TASK STATEMENT
At the line that holds "Fleetwood Mac /", start repeating, and keep going exactly through the final line of the material; include both ends and skip the pictures.

SUPPLIED INFORMATION
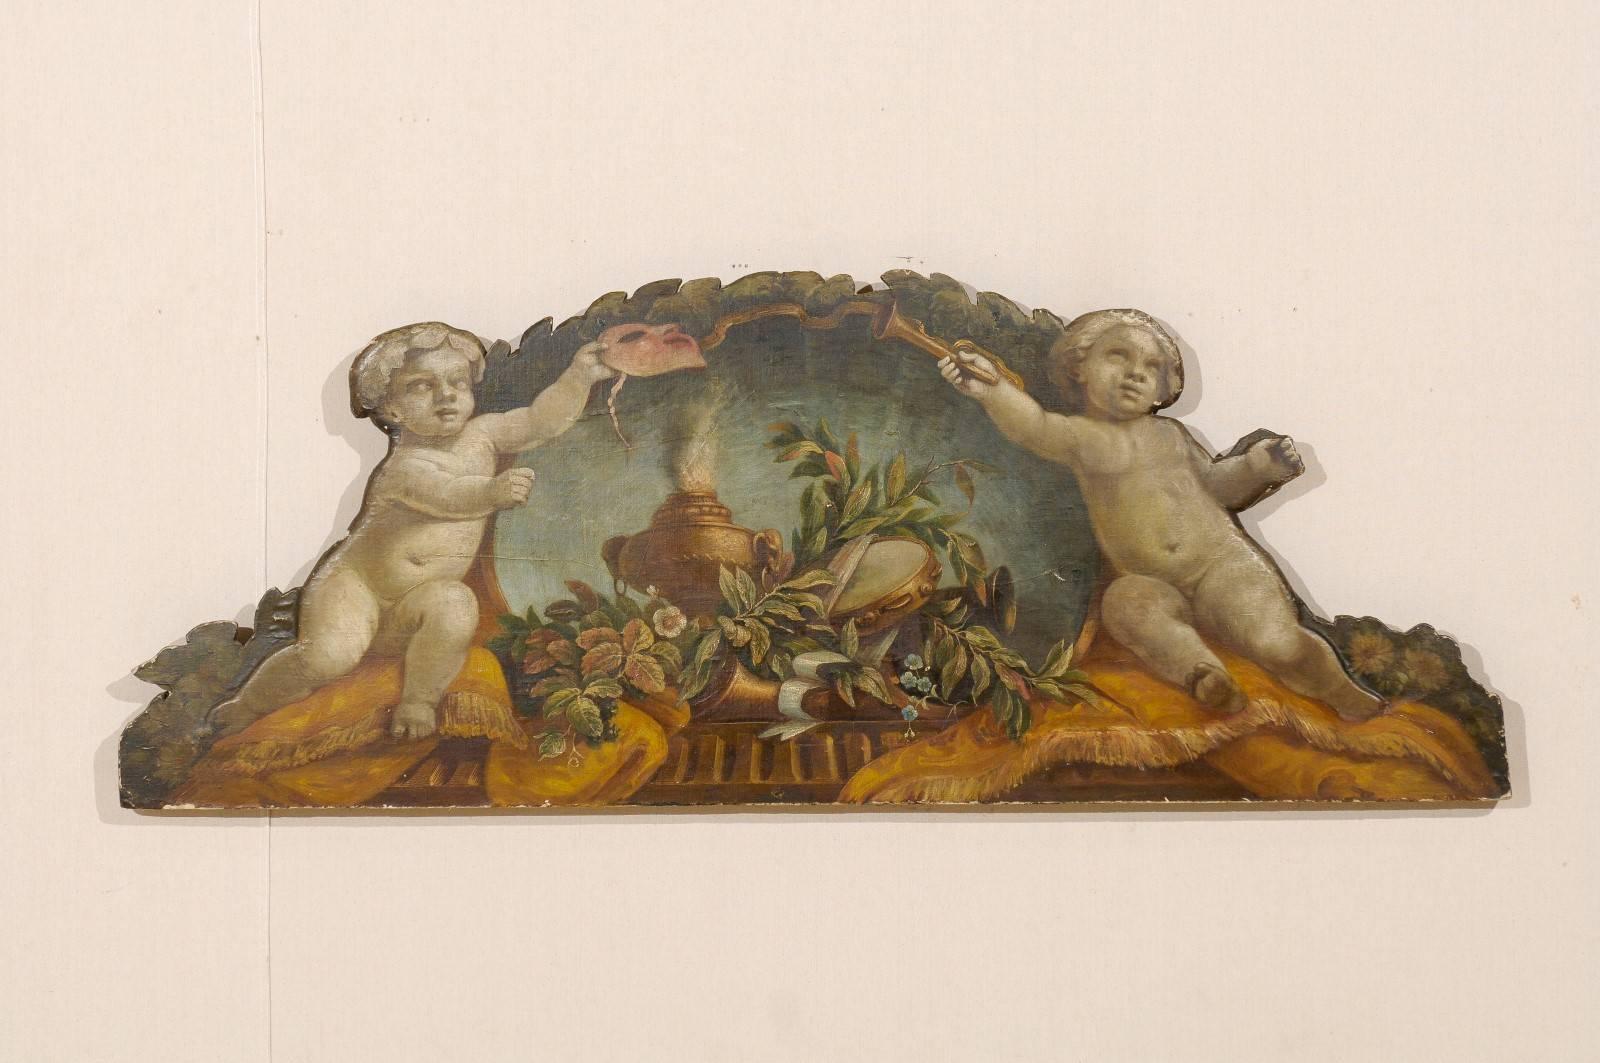 An exquisite 19th century Italian panel. This Italian panel is canvas over wood. It depicts the allegories of music and theater. In this Italian panel careful attention is paid to harmony and balance. Balance and harmony is created through the
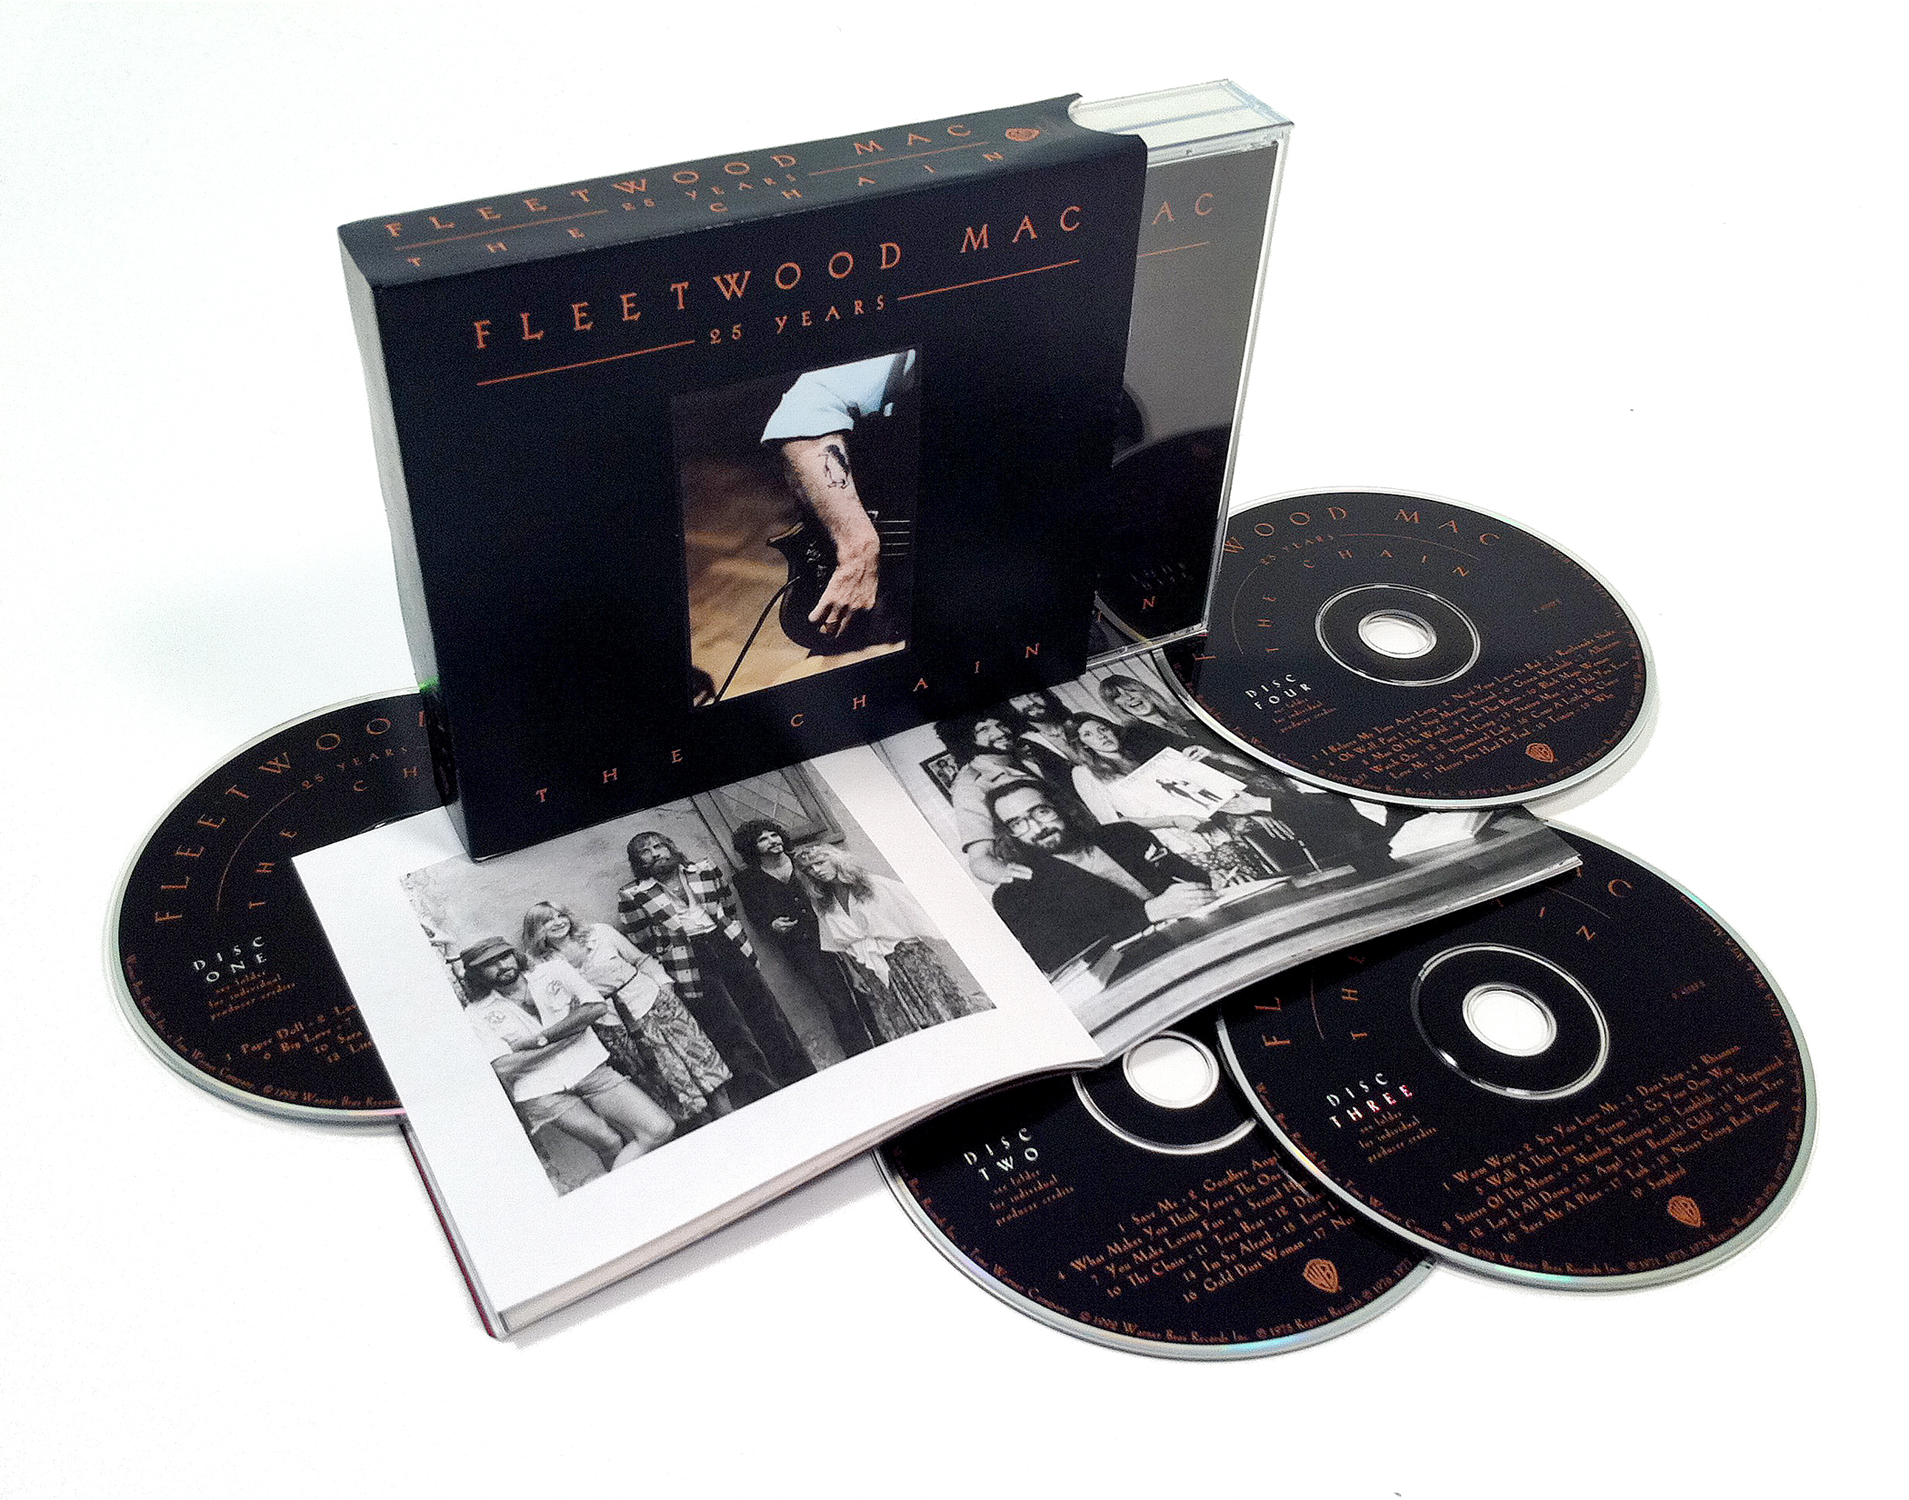 Fleetwood Mac / 25 Years - The Chain 4CD re-release
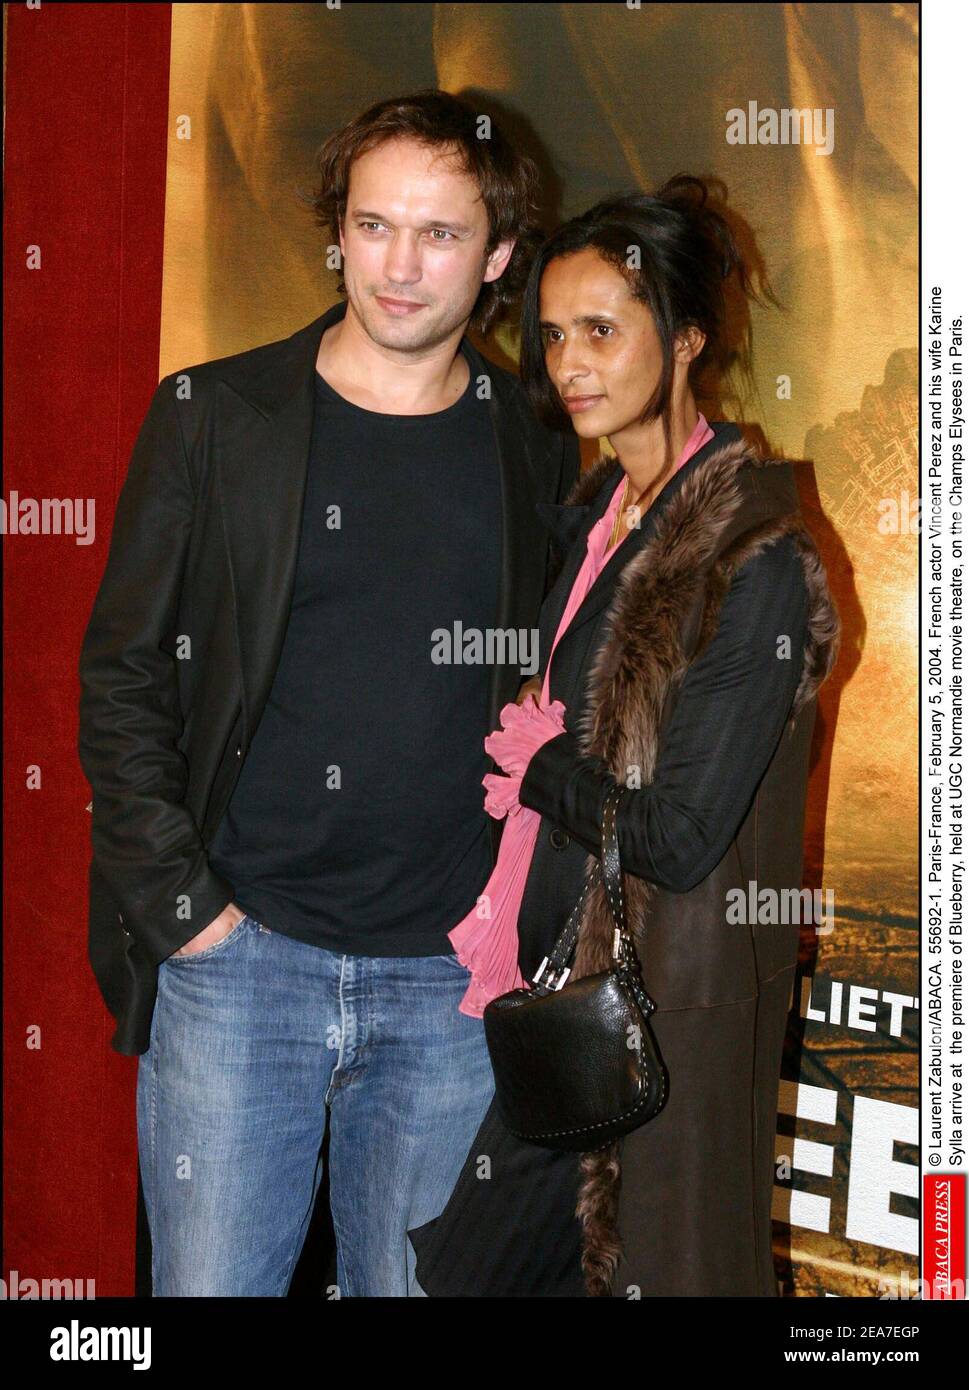 © Laurent Zabulon/ABACA. 55692-1. Paris-France, February 5, 2004. Swiss actor Vincent Perez and his wife Karine Sylla arrive at the premiere of Blueberry, held at UGC Normandie movie theatre, on the Champs Elysees in Paris. Stock Photo
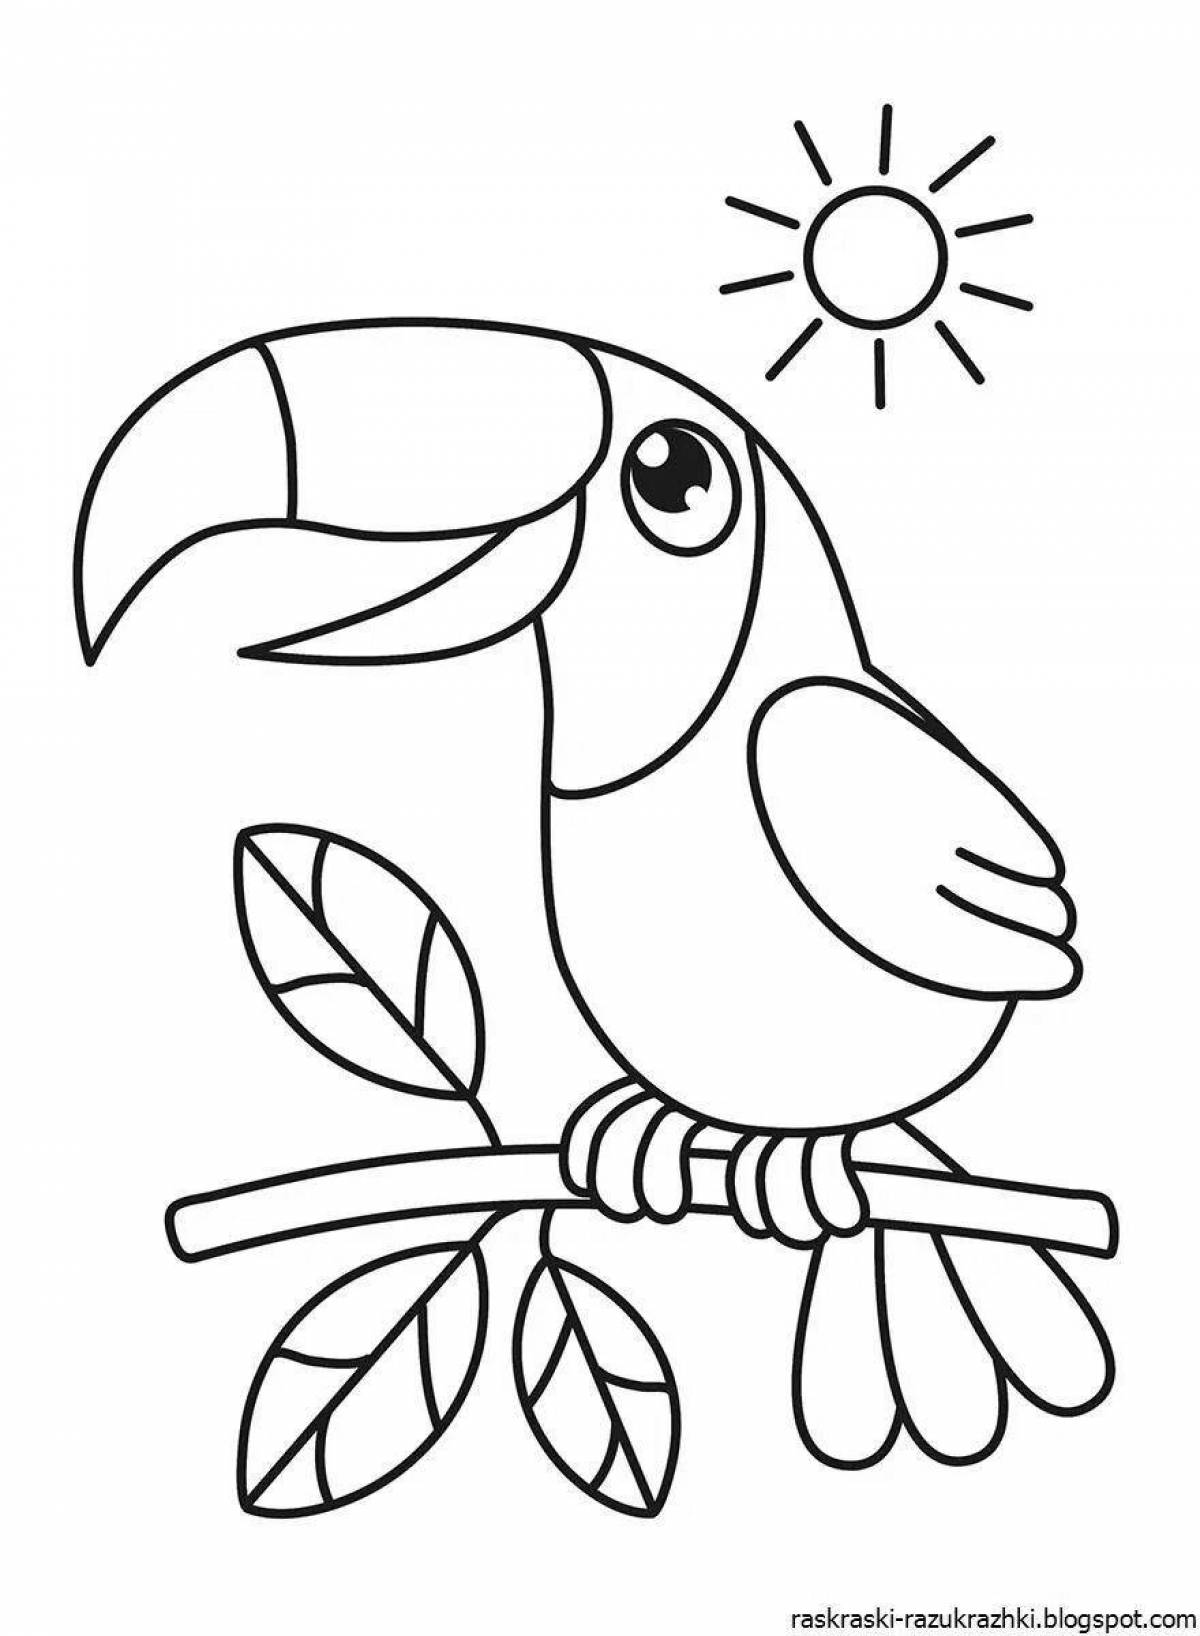 Fun coloring book with birds for kids

RESULT FOR THIS EXERCISE
 Fleetwood Mac / 25 Years - The Chain 4CD re-release
 © Laurent Zabulon/ABACA. 55692-1. Paris-France, February 5, 2004. Swiss actor Vincent Perez and his wife Karine Sylla arrive at the premiere of Blueberry, held at UGC Normandie movie theatre, on the Champs Elysees in Paris. Stock Photo
 Fun coloring book with birds for kids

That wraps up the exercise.